--- RECORDS FOR THIS TASK ---
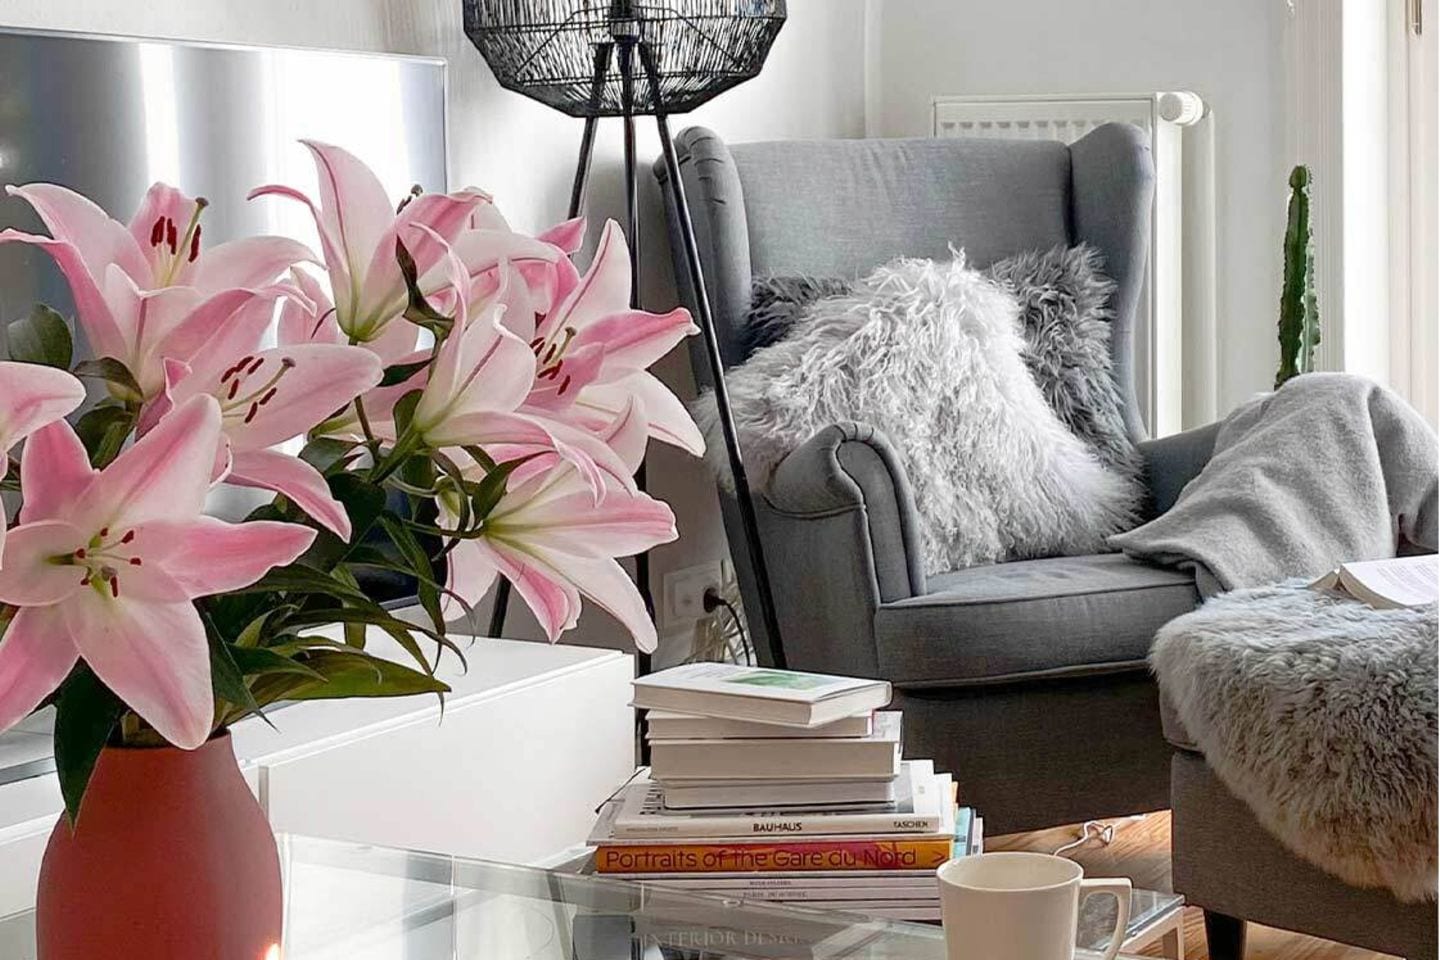 Cozy eingerichtetes Wohnzimmer mit dem Ohrensessel von Ikea, einer Stehleuchte, Lilien, Kerzen und vielem mehr
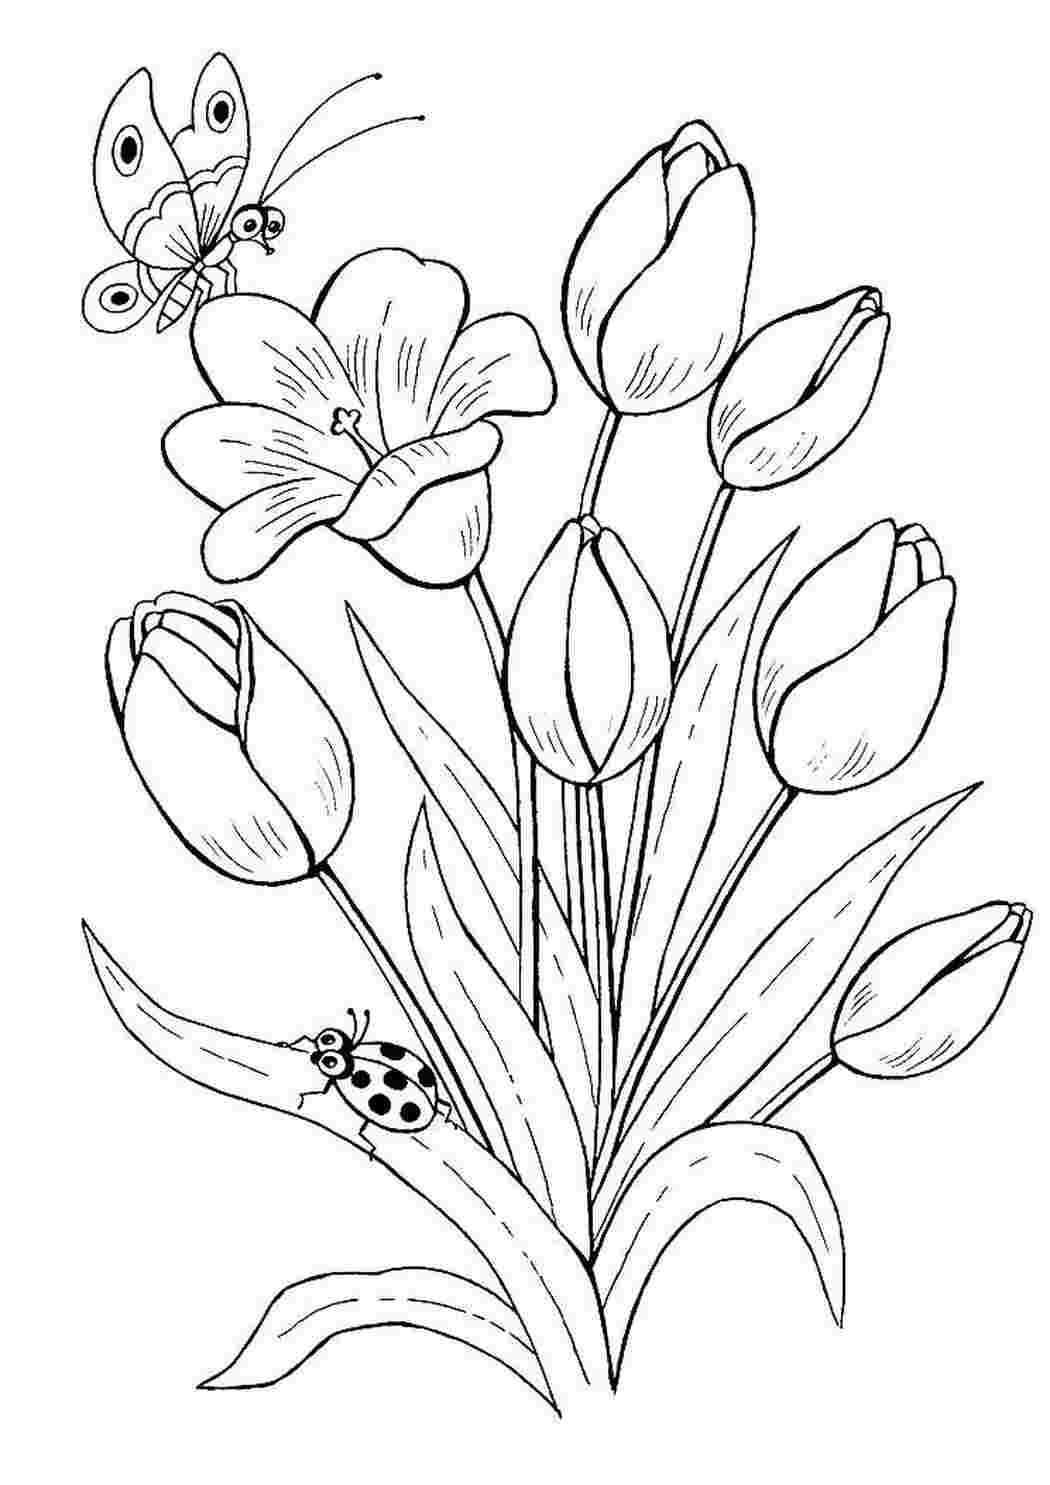 Раскраски Тюльпаны и бабочка. Раскраска. Тюльпаны и бабочка. Распечатать раскраски на сайте.
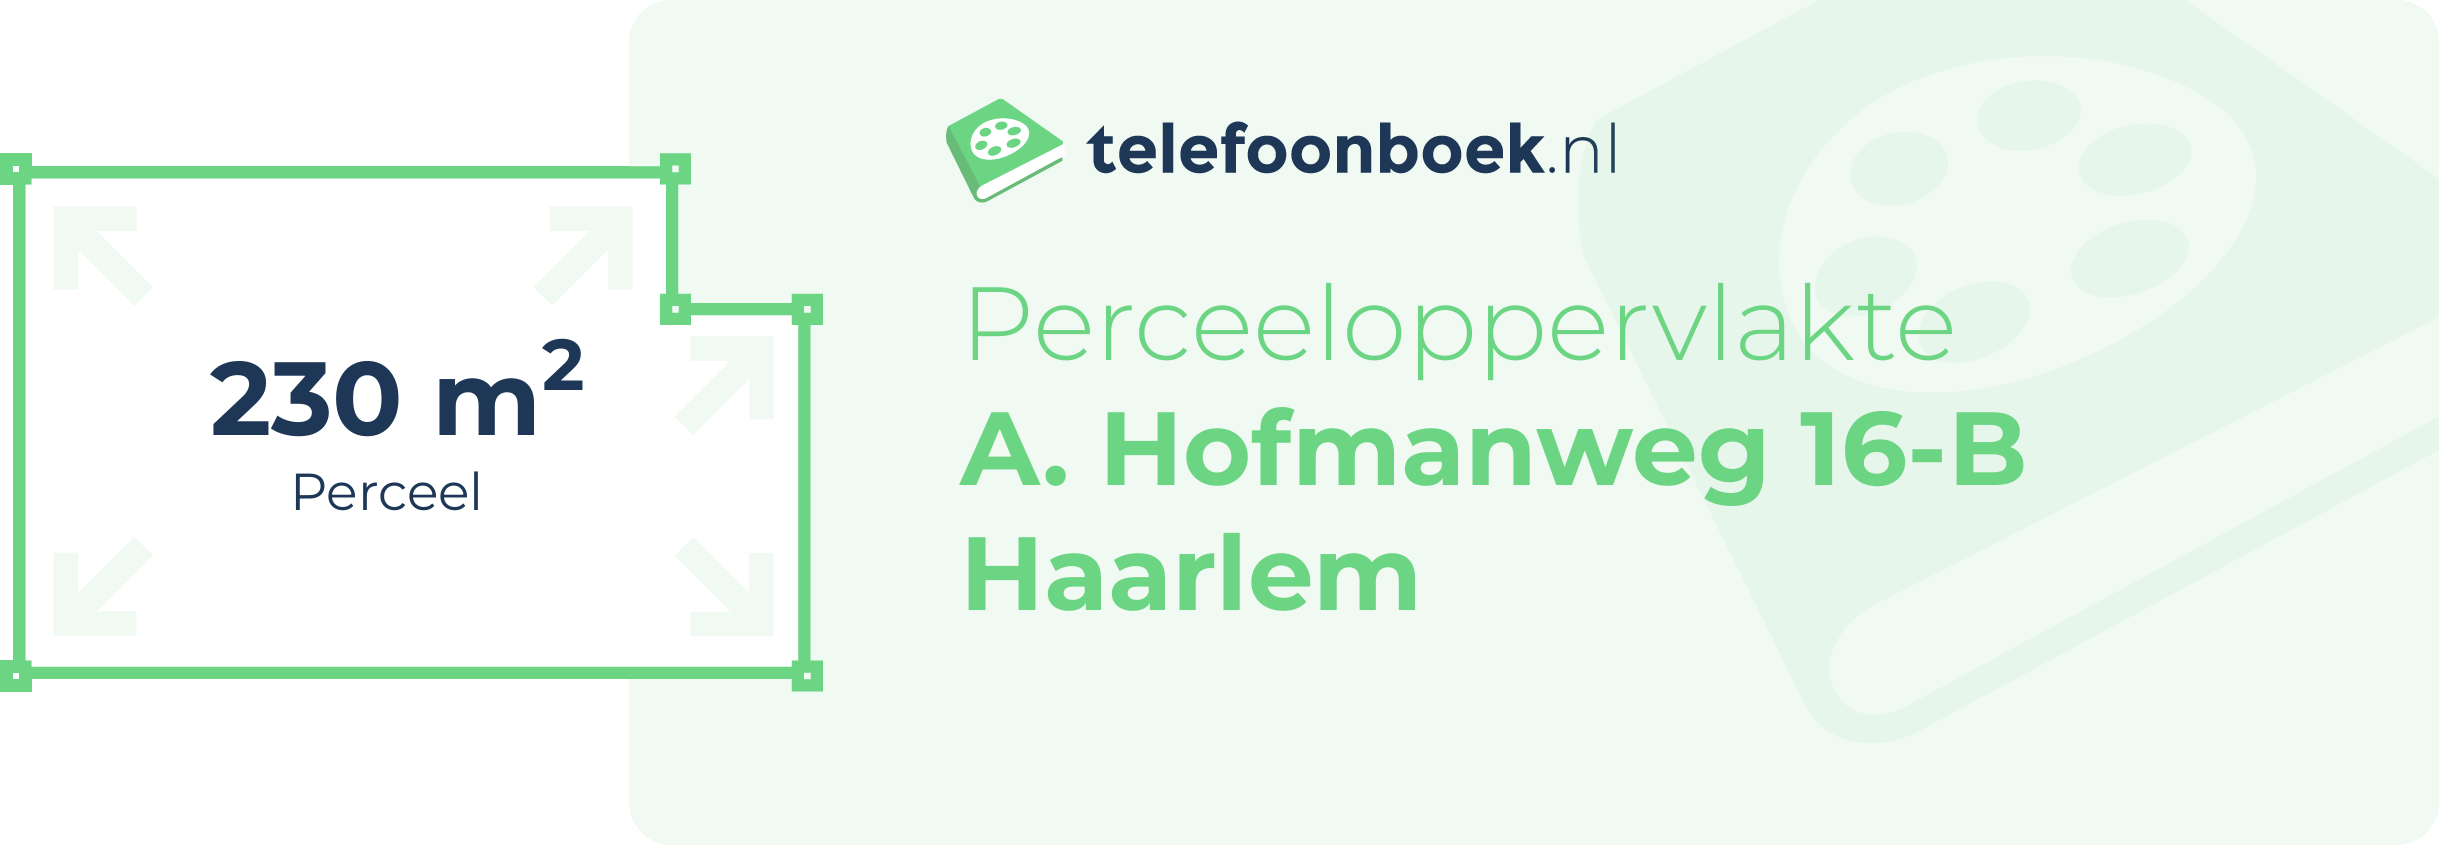 Perceeloppervlakte A. Hofmanweg 16-B Haarlem
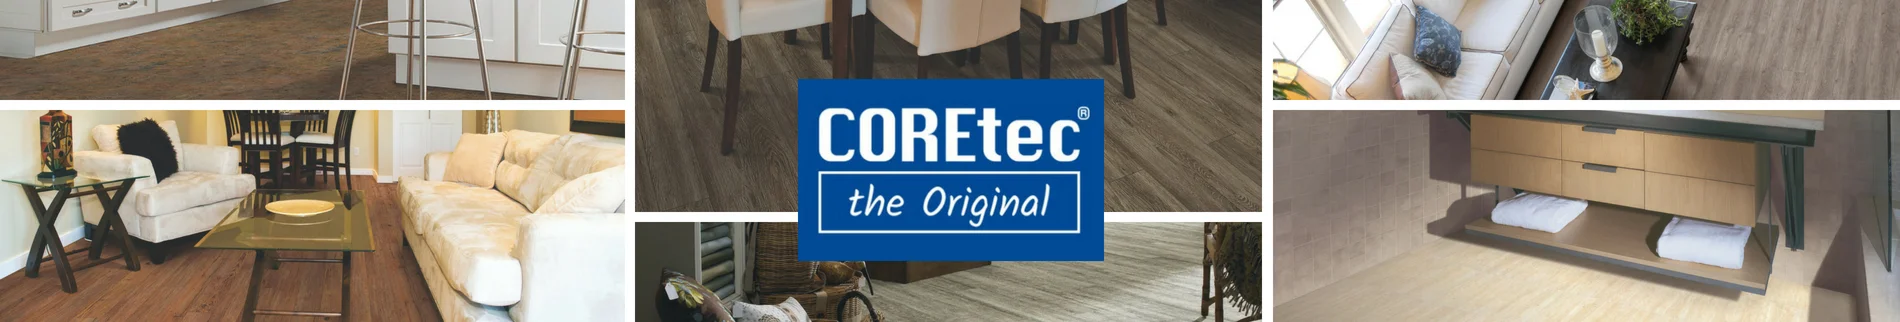 coretec flooring room scenes
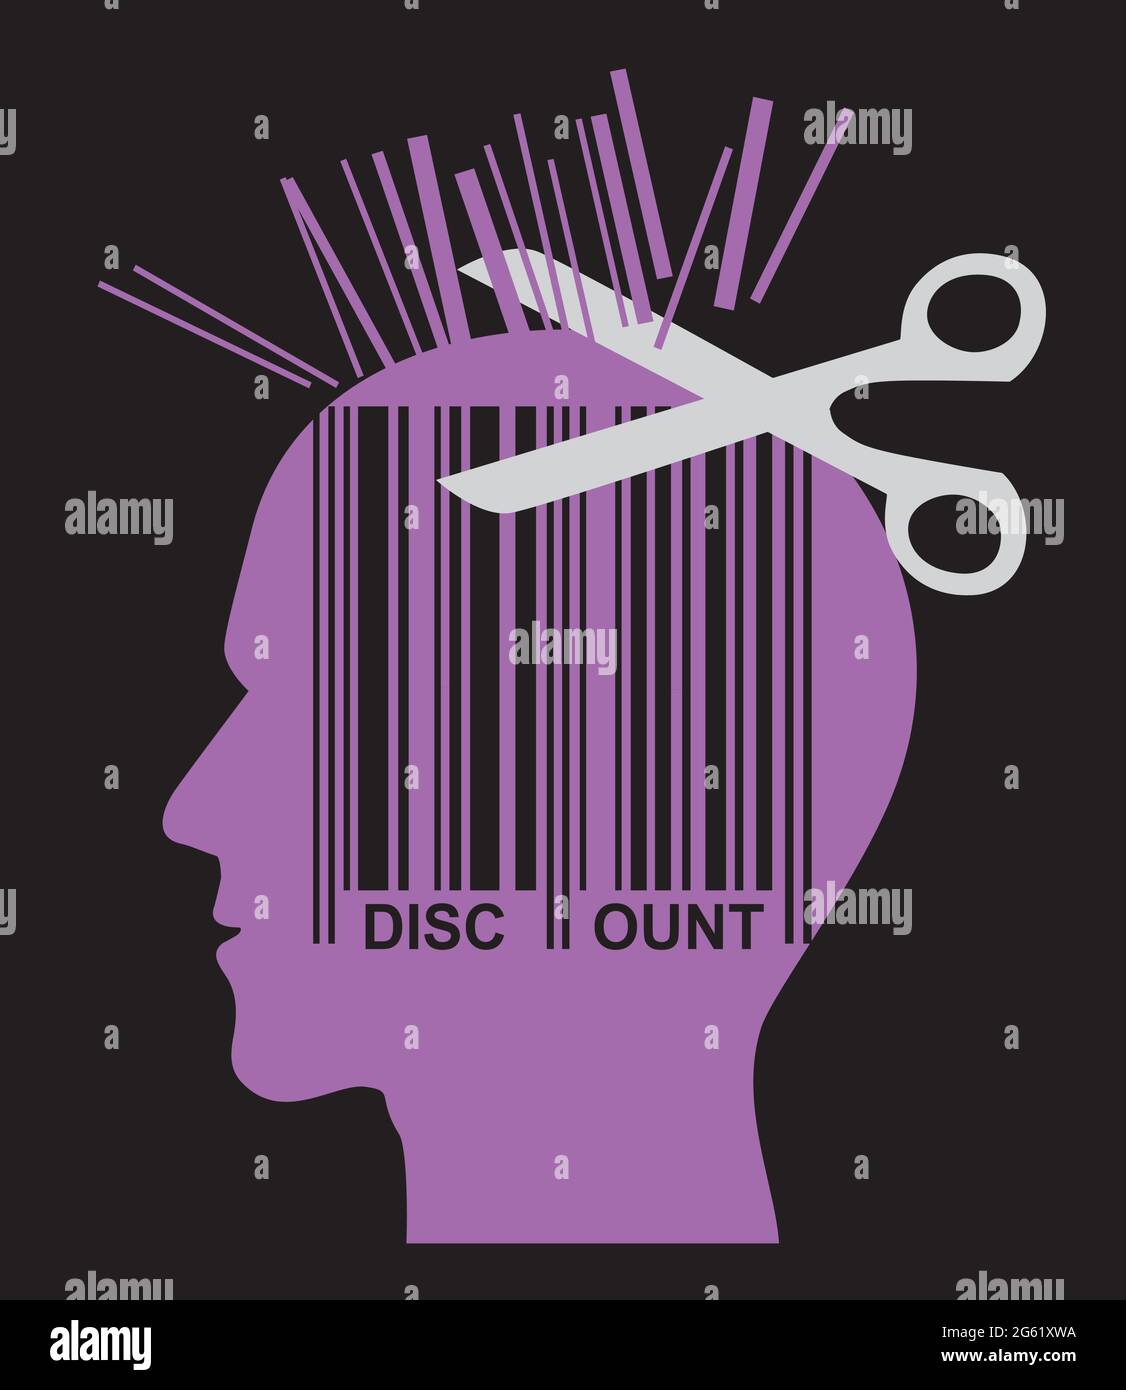 Friseur Preisabschlag, Rabatt-Konzept. Illustration von stilisierten jungen violetten männlichen Kopf Silhouette, mit Schere und Barcode.Vektor verfügbar Stock Vektor
---
WORK REQUIRED> Output each record precisely as it appears, and drop every picture.

SOLVED PROBLEM>
 Cozy eingerichtetes Wohnzimmer mit dem Ohrensessel von Ikea, einer Stehleuchte, Lilien, Kerzen und vielem mehr
 Раскраски Тюльпаны и бабочка. Раскраска. Тюльпаны и бабочка. Распечатать раскраски на сайте.
 Perceeloppervlakte A. Hofmanweg 16-B Haarlem
 coretec flooring room scenes
 Friseur Preisabschlag, Rabatt-Konzept. Illustration von stilisierten jungen violetten männlichen Kopf Silhouette, mit Schere und Barcode.Vektor verfügbar Stock Vektor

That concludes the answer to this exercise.